* **Task**
Omit all images, then repeat exactly the lines below from the one containing "Rogers Lacrosse Shorts" through the one containing "NL-BilthovenRIVM1999ResearchAutoclaveKSGLaboratoryTestEquipment", both ends included.

* **Data to process**
/---
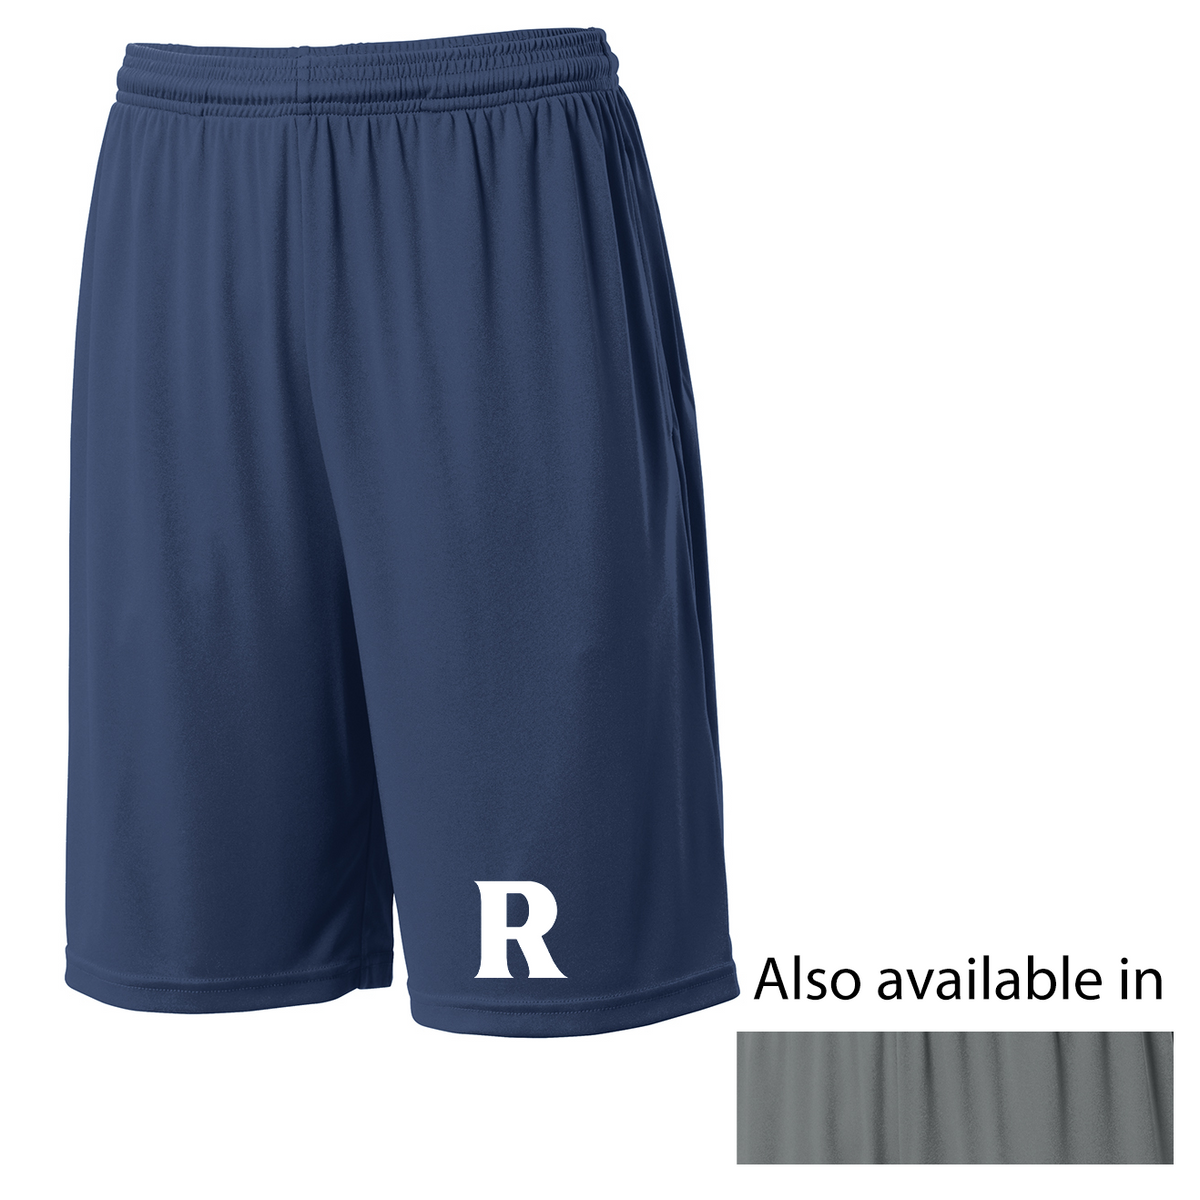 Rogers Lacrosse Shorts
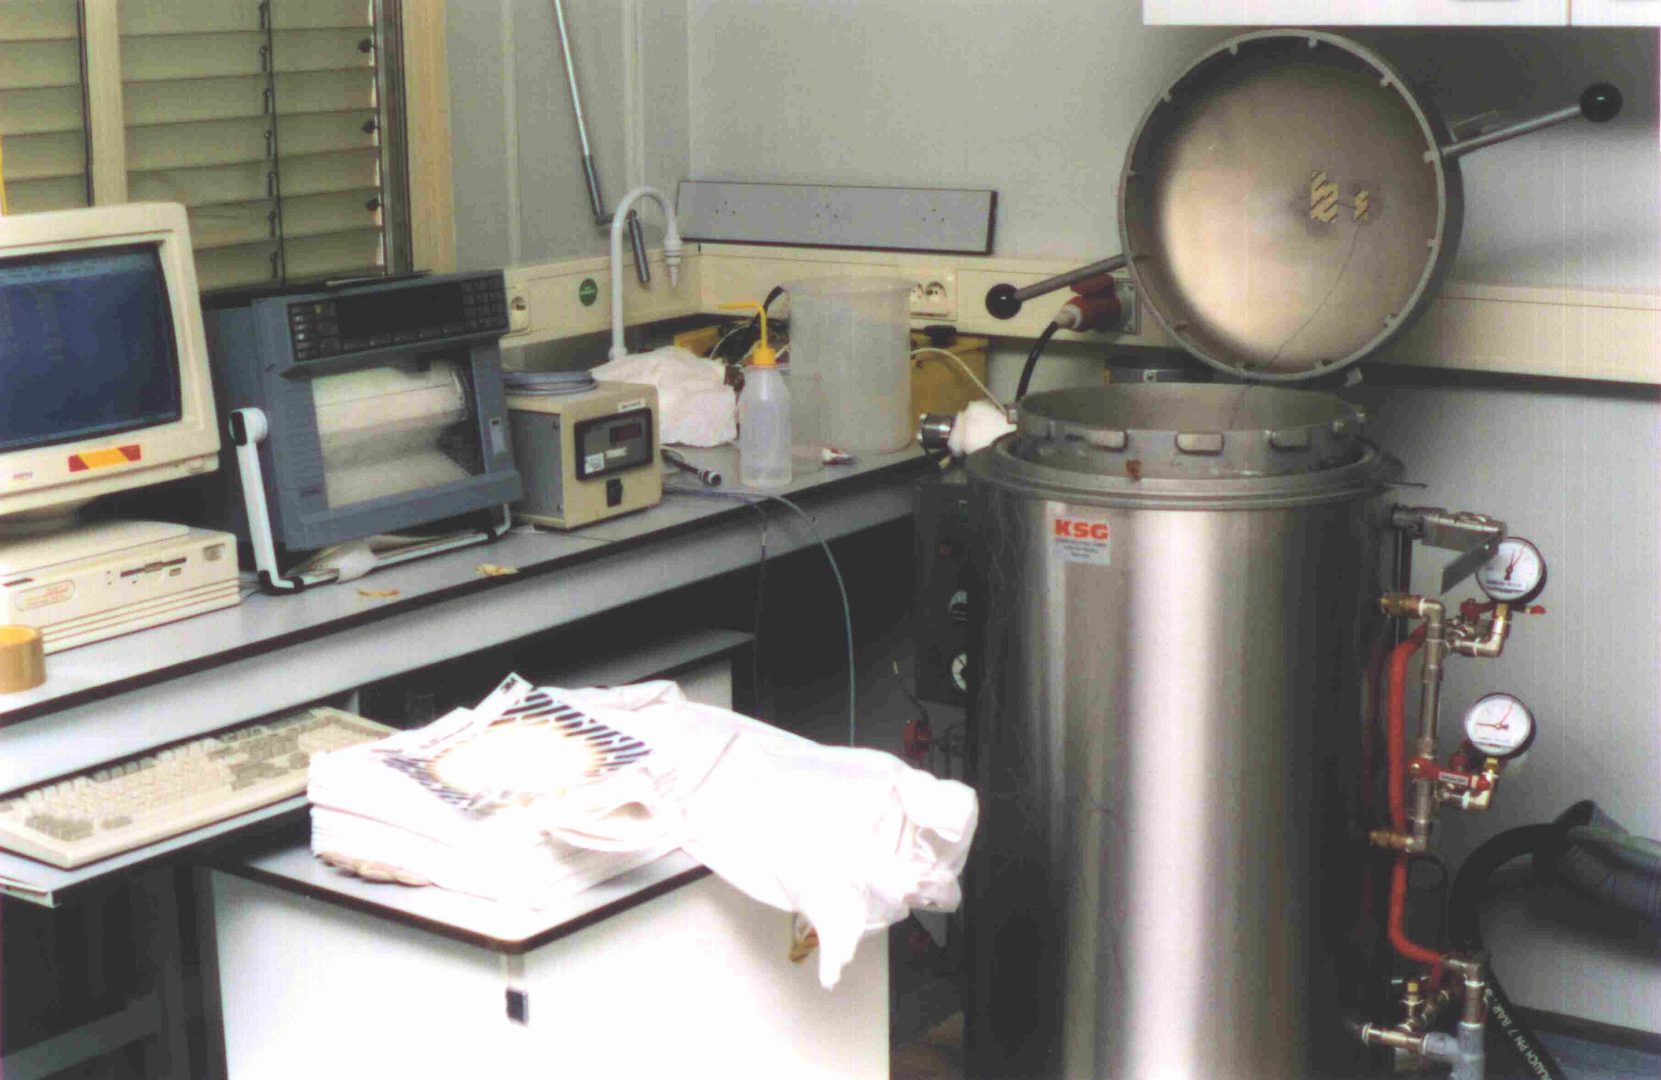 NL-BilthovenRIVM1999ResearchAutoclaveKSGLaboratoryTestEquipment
\---
/---
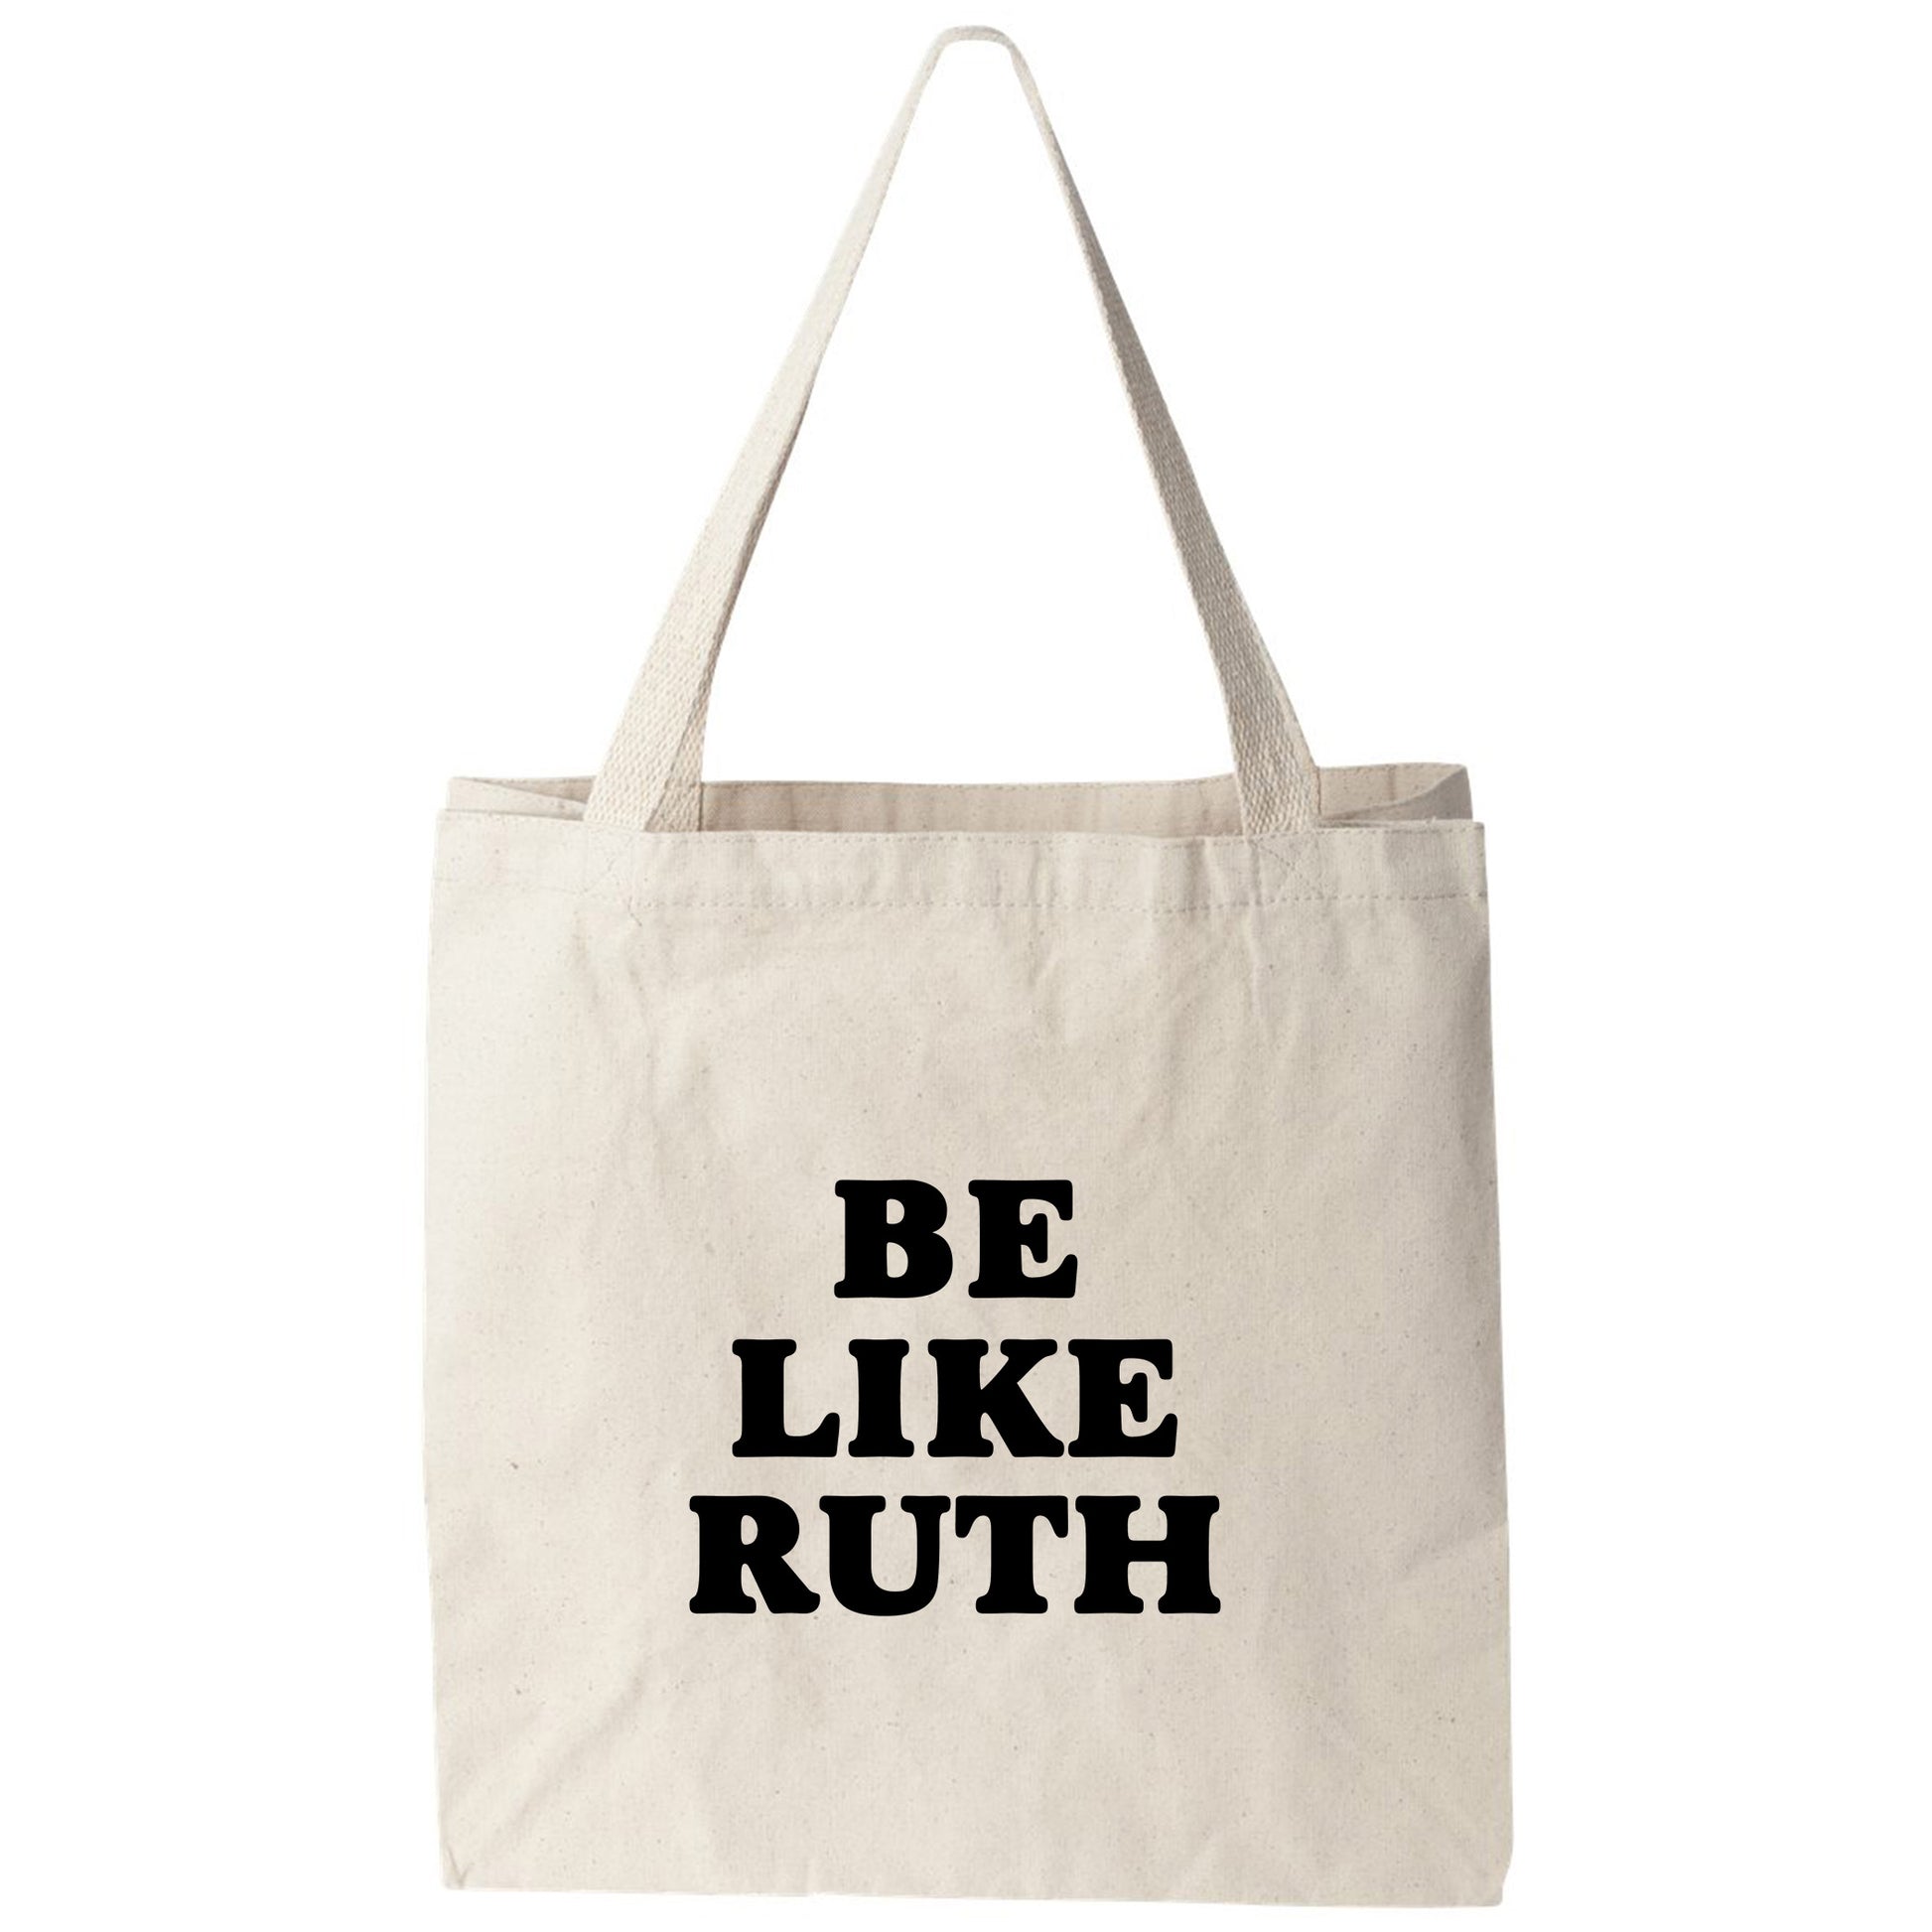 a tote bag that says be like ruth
\---
* **Solved problem**
 Rogers Lacrosse Shorts
 NL-BilthovenRIVM1999ResearchAutoclaveKSGLaboratoryTestEquipment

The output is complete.